**Exercise inputs**
■ ■ ■ ■ ■ ■ ■

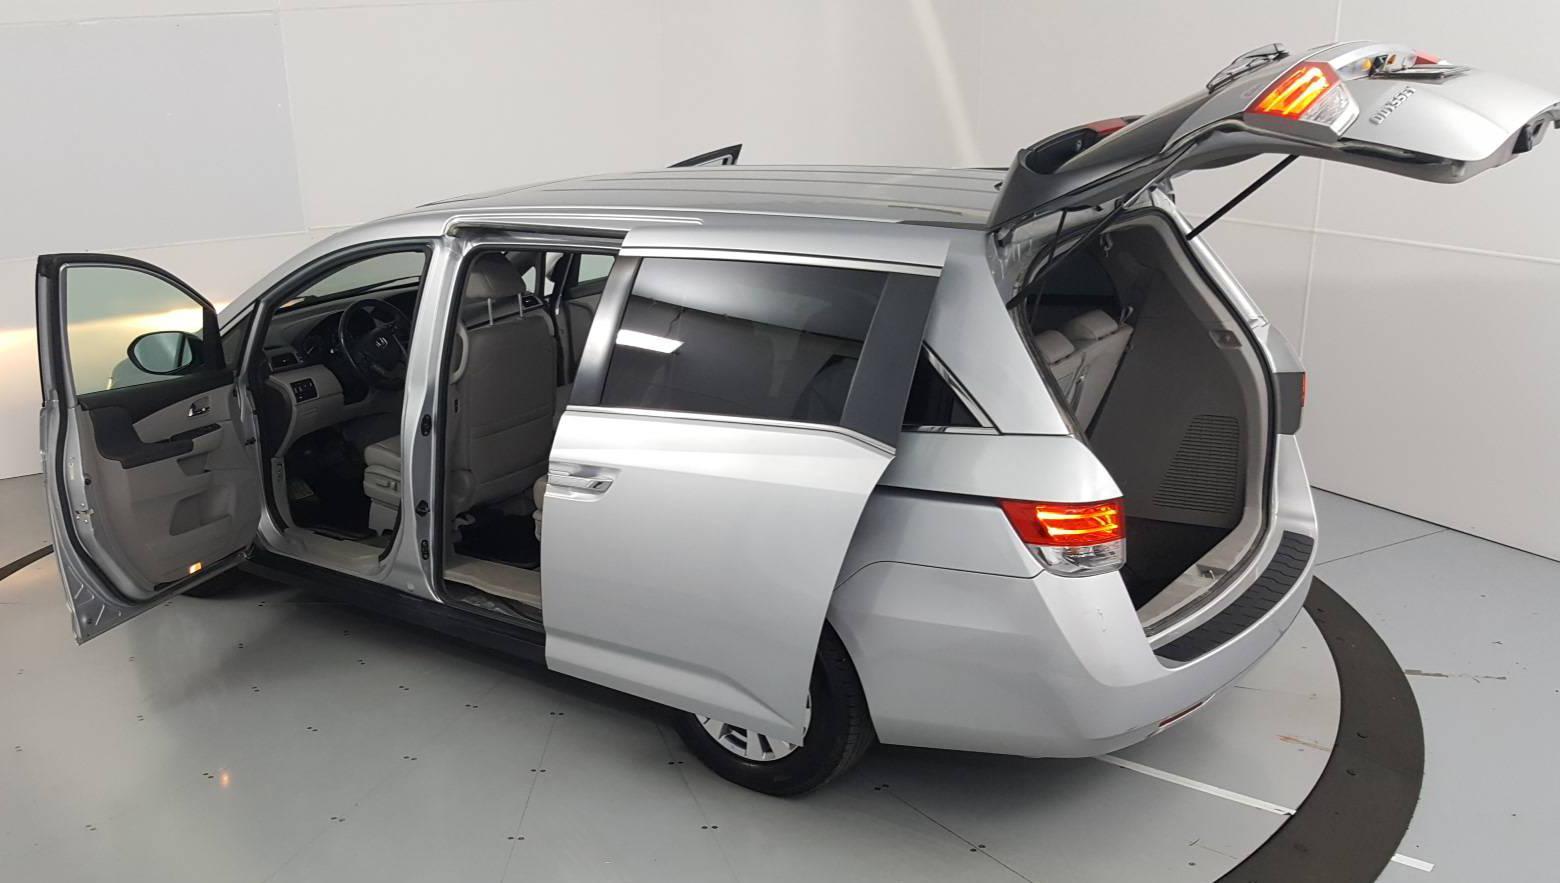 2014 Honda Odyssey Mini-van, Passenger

■ ■ ■ ■ ■ ■ ■

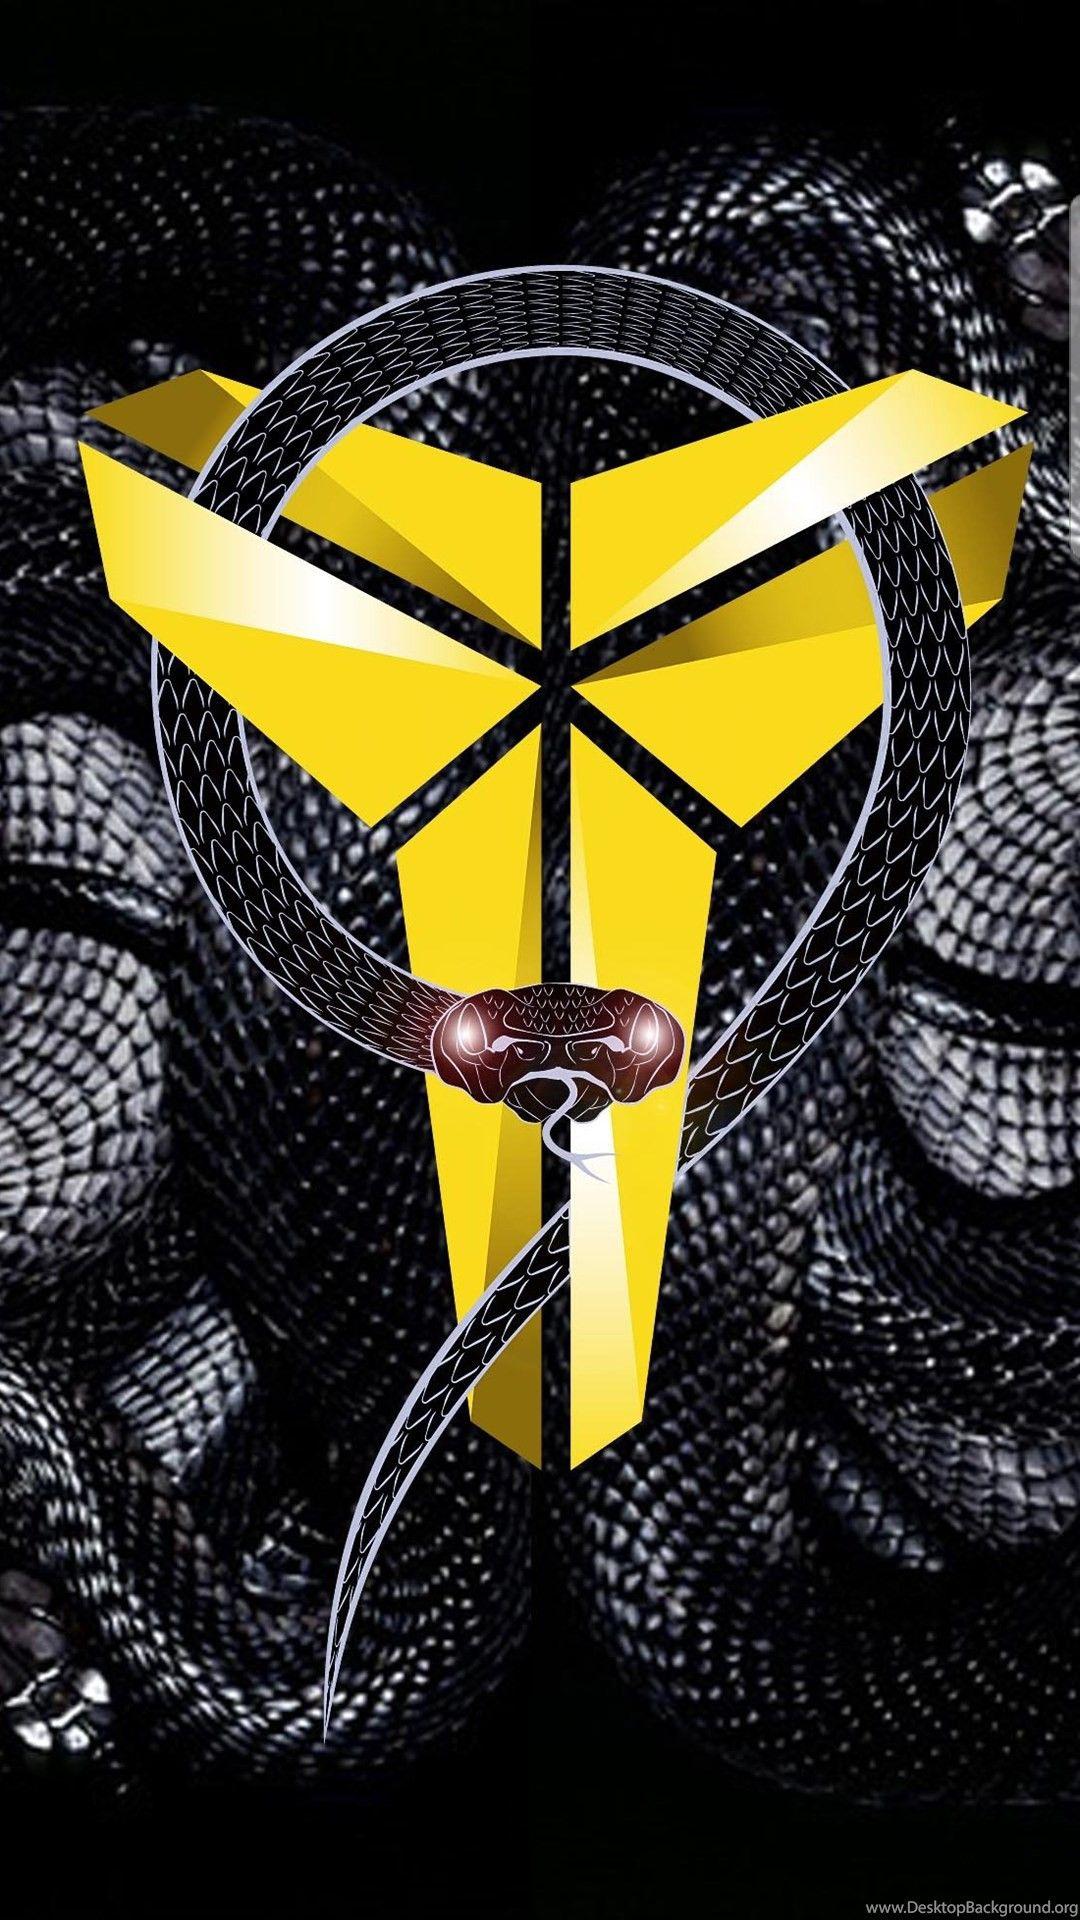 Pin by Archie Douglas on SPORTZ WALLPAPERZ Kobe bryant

■ ■ ■ ■ ■ ■ ■

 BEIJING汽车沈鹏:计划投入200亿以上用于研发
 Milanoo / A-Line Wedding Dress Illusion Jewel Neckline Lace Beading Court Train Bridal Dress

■ ■ ■ ■ ■ ■ ■

**Try it**
Start with the line above that contains "BEIJING汽车沈鹏:计划投入200亿以上用于研发" and stop after the line that contains "Milanoo / A-Line". Output those lines exactly, and only those.

**Exercise response**
 BEIJING汽车沈鹏:计划投入200亿以上用于研发
 Milanoo / A-Line Wedding Dress Illusion Jewel Neckline Lace Beading Court Train Bridal Dress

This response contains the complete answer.